I went straight to Trotter's shop. A jovial, red-faced woman stood at the door, just about to shut up for the night.
"I want to see Mr Trotter," said I.
"Mrs Trotter, you mean, I suppose?" said the woman. "I'm the lady."
"Can I speak to you for a minute?" I said.
"Yes--half an hour if you like. What is it?"
"It's something private."
"Bless us, are you going to offer to marry me, or what?" exclaimed she; "come, what is it?"
"Have you--that is, did you--the fact is, I don't know whether you happen to have missed a pair of boots," I said, falteringly.
She made a grab at my arm.
"So you're the thief, are you? A nice trade you've started at, young master, so I can tell you!"
"Oh," I cried, in the utmost alarm and terror, "you're quite wrong,
Mrs Trotter still held me fast.
"Oh, you know who did, do you?"
"Yes--he's a--" I was going to say "s...o...b..ack," but I stopped myself in time, and said, "a little boy."
She released her grasp, greatly to my relief, and waited for me to go on.
"And I really don't think he knows any better," said I, recovering my confidence.
"Well," she said, eyeing me sharply.
"Well," I said, "I know the proper thing would be to give him up to the police."

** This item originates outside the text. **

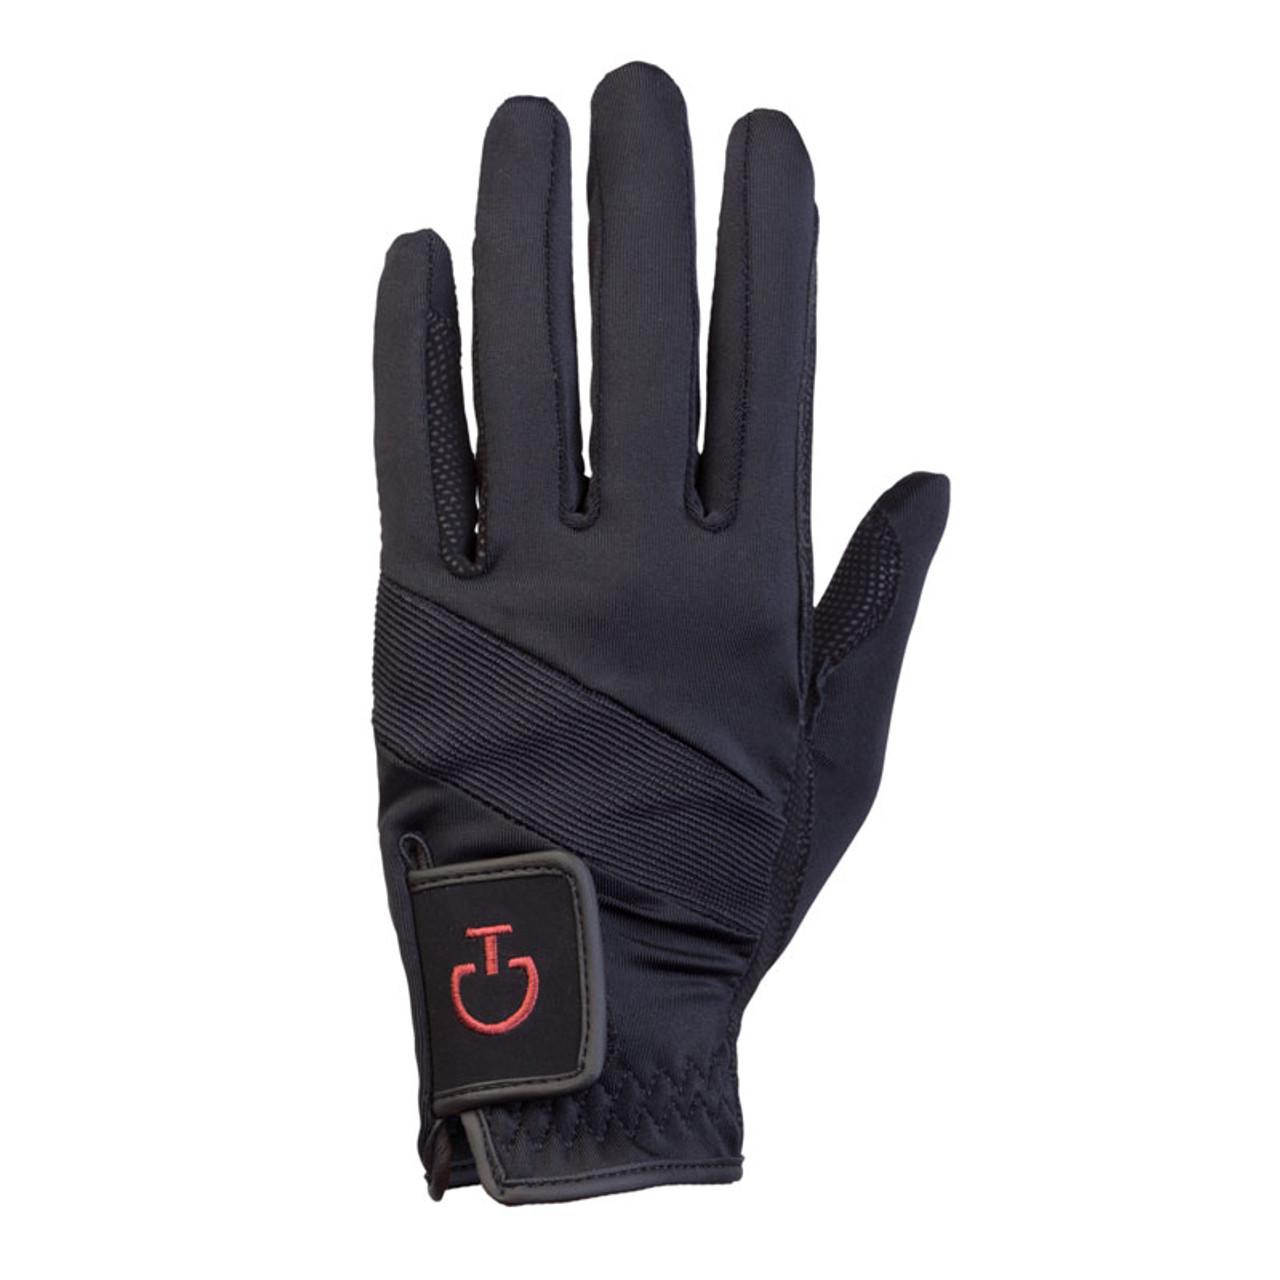 Cavalleria Toscana Tech Gloves- Riding

"That's what I'd do to you in a minute, if you'd stolen them," she said.
"I've rather an interest in the little boy," I said nervously, "and I thought if you wouldn't mind telling me what the boots came to, I'd ask you to let me pay for them. I don't think he'll do it again."

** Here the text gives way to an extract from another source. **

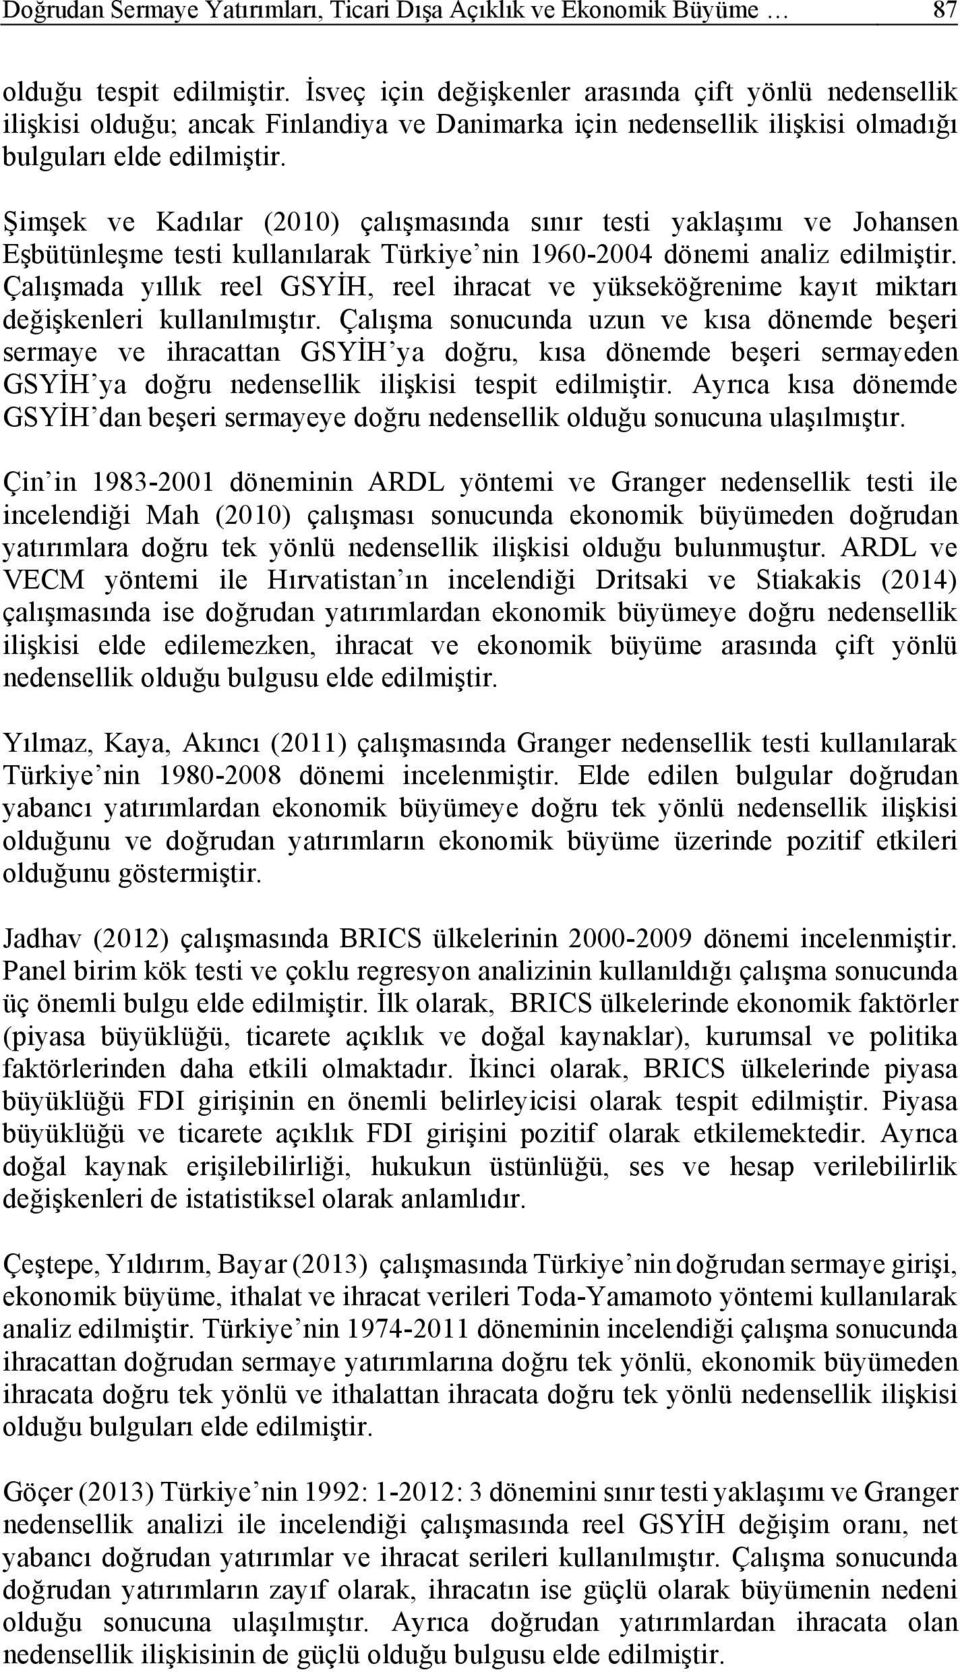 Şmşek ve Kadılar (200) çalışmasında sınır es aklaşımı ve Johansen Eşbüünleşme es kullanılarak Türke nn 960-2004 dönem analz edlmşr.

"Well, it's a very queer thing," said the woman; "what a popular young thief your friend must be! Why, I had a young gentleman here yesterday evening asking the very same thing of me!"

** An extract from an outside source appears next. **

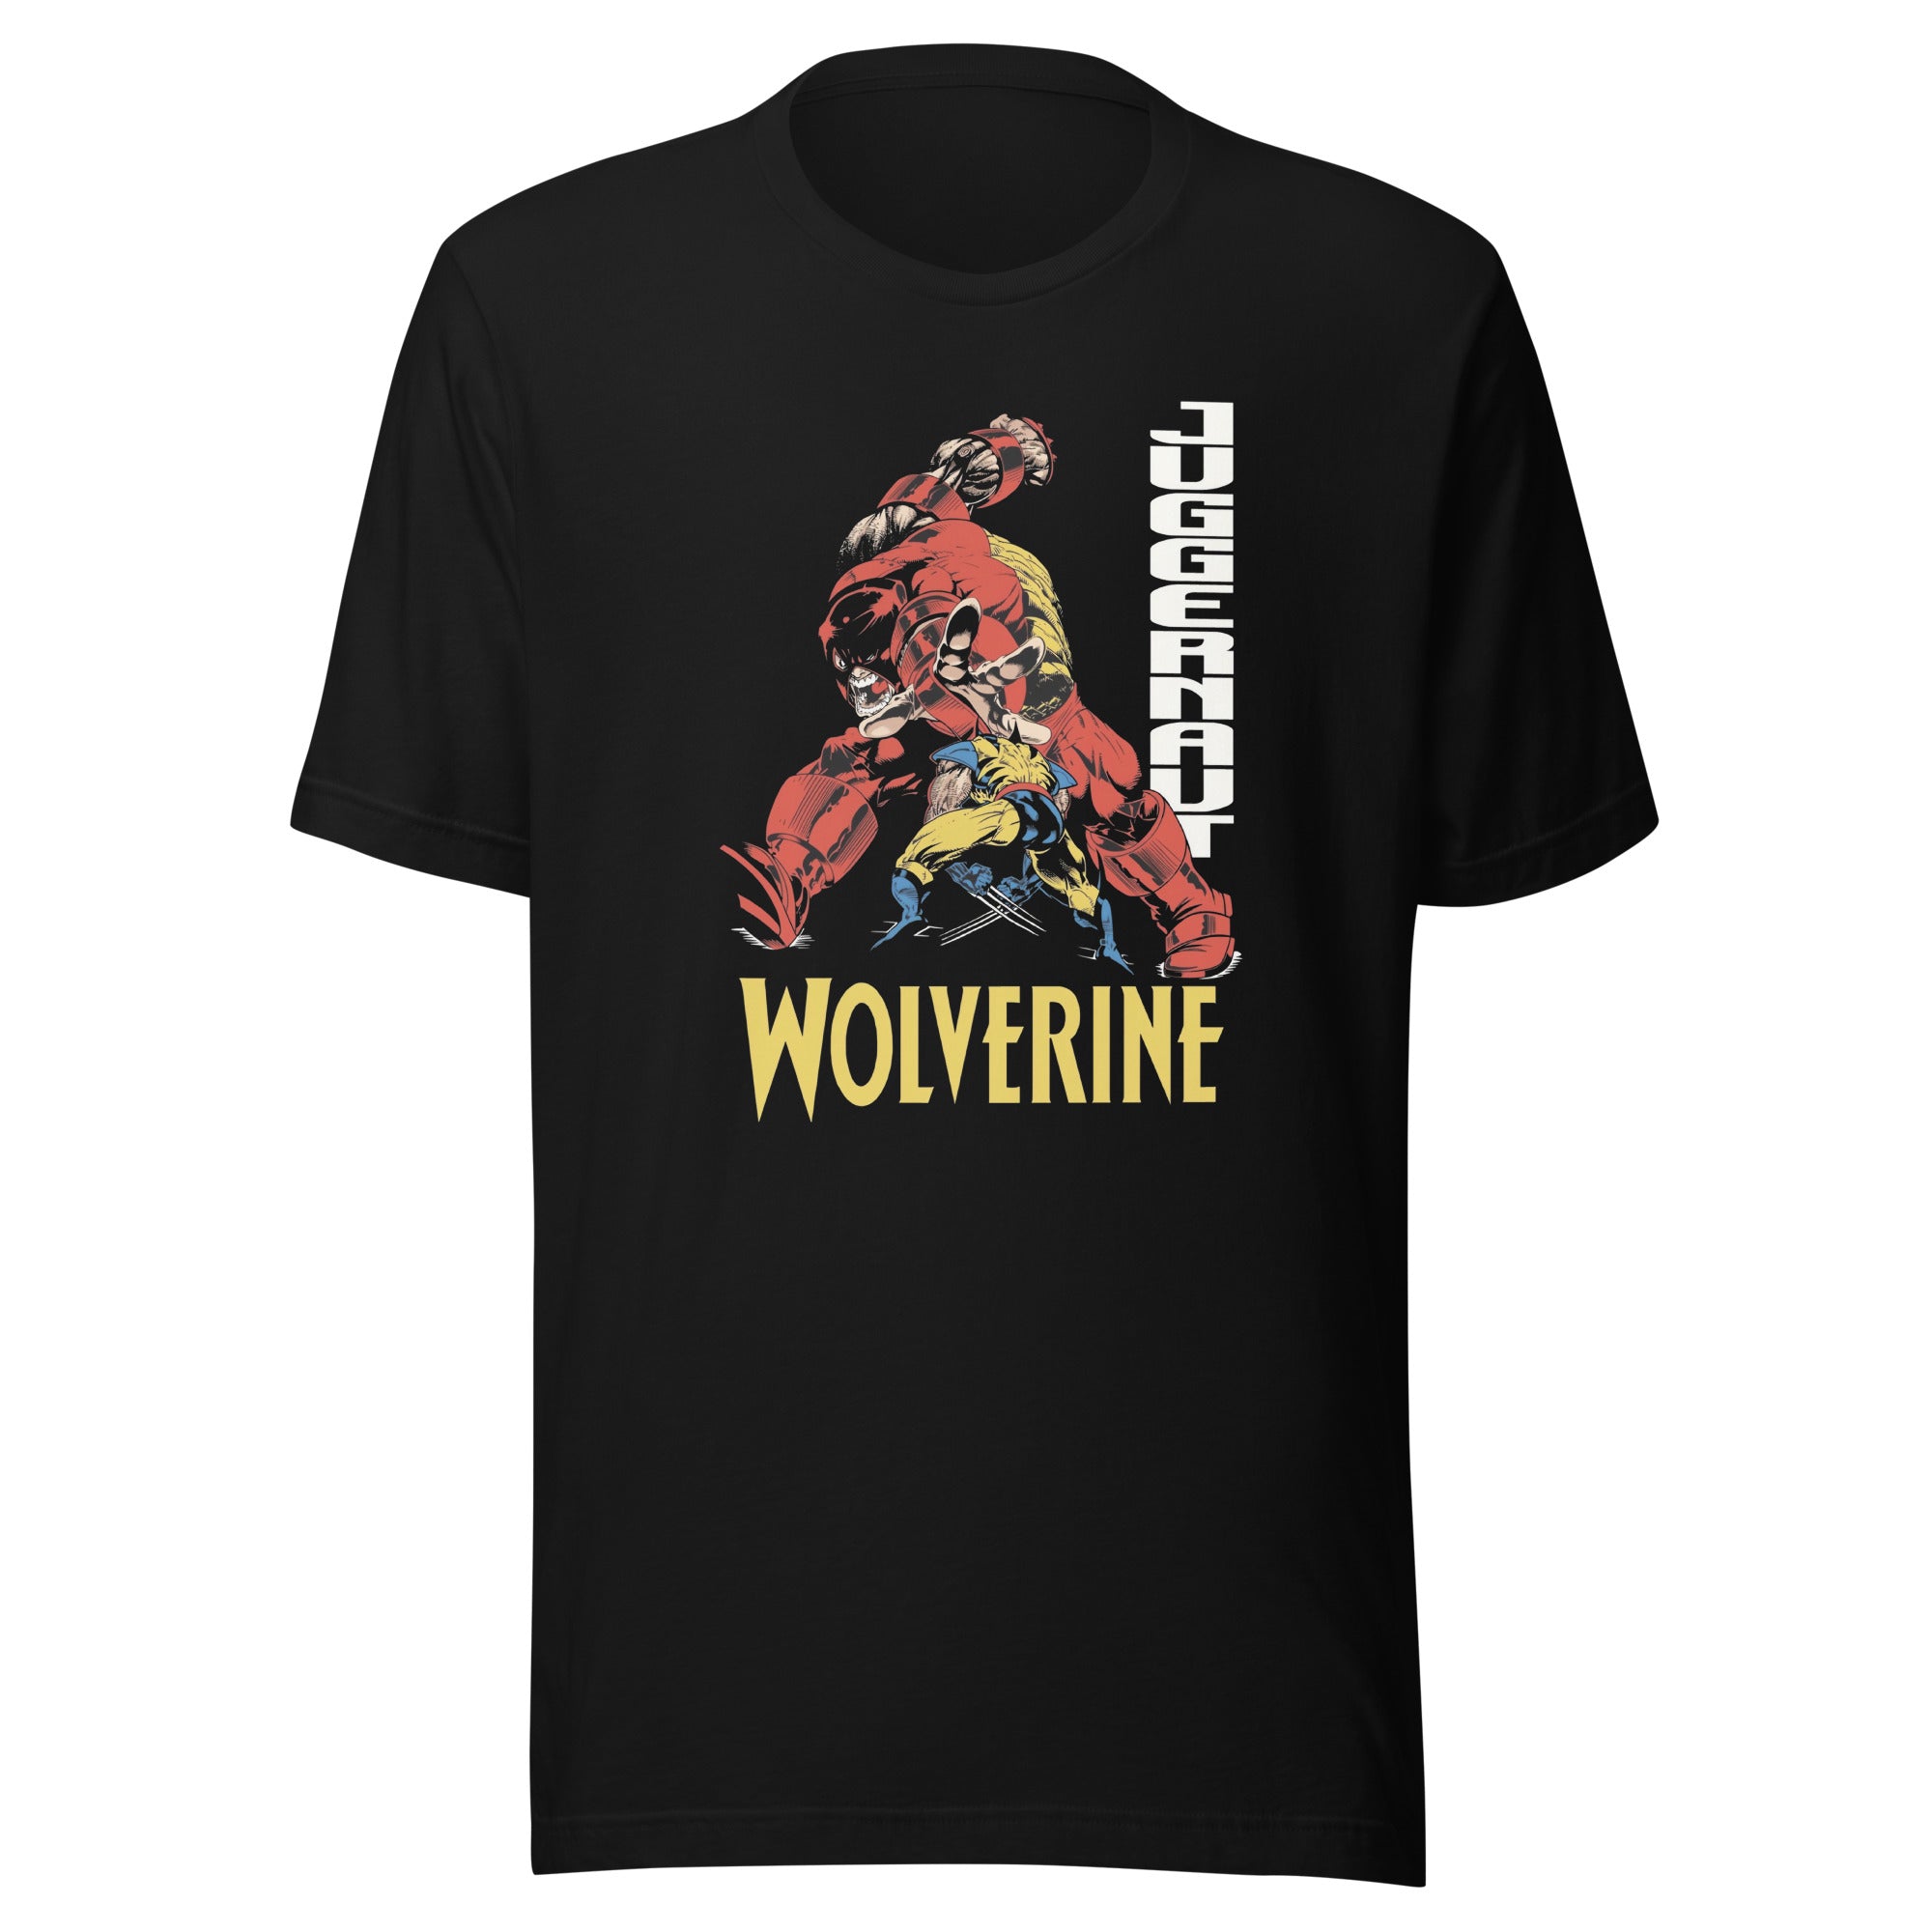 ¡Compra el mejor merchandising en Superstar! Encuentra diseños únicos y de alta calidad, Playera Wolverine vs Juggernaut

"What!" I exclaimed, "was it Jack Smith?"
"I don't know his name, but he'd a pair of black eyes that would astonish you."
"That's him, that's him!" I cried. "And he wanted to pay for the boots?"
"He did pay for them. I shall make my fortune out of that pair of boots," added she, laughing.
This, then, explained his wearing the boots that morning. How quick I had been to suspect him of far different conduct!
"You'd better keep your money for the next time he steals something,"
observed Mrs Trotter, rather enjoying my astonishment; "he's likely to be a costly young treat to you at this rate. I hope the next party he robs will be as lazy about her rights as me."
I dropped my uncle's half-sovereign back into my purse, with the rather sad conviction that after all I was not the only honest and righteous person in the world.
The next morning, on my arrival at Hawk Street rather before the time (I had taken to being early at the office, partly to avoid arriving there at the same time as Smith, and partly to have the company of young Larkins, of postage-stamp celebrity, in my walk from Beadle Square), I found Doubleday already there in a state of great perturbation.
"What do you think," he cried, almost before I entered the office--"what do you think they've done? I knew that young puppy's coming was no good to us! Here have I been here twelve years next Michaelmas, and he not a year, and blest if I haven't got to hand over the petty cash to my lord, because old Merrett wants the dear child to get used to a sense of responsibility in the business! Sense of rot, I call it!"
It certainly did seem hard lines. Doubleday, as long as I had been at Hawk Street, had always been the custodian of all loose cash paid into the office, which he carefully guarded and accounted for, handing it over regularly week by week to be paid into the bank.
It is never pleasant when a fellow has held an office of trust to have it coolly taken from him and handed to another. In this case no one would suspect it meant any lack of confidence; for Doubleday, even his enemies admitted, was as honest as the Bank of England; but it meant elevating another at his expense, which did not seem exactly fair.
"If the darling's such a big pot in the office," growled Doubleday, "they'd better make him head clerk at once, and let me run his errands for him."
"Never mind," said I, "it'll be so much less work for you."
"Yes, and a pretty mess the accounts will get into, to make up for it."
Hawkesbury entered at this moment, smiling most beautifully.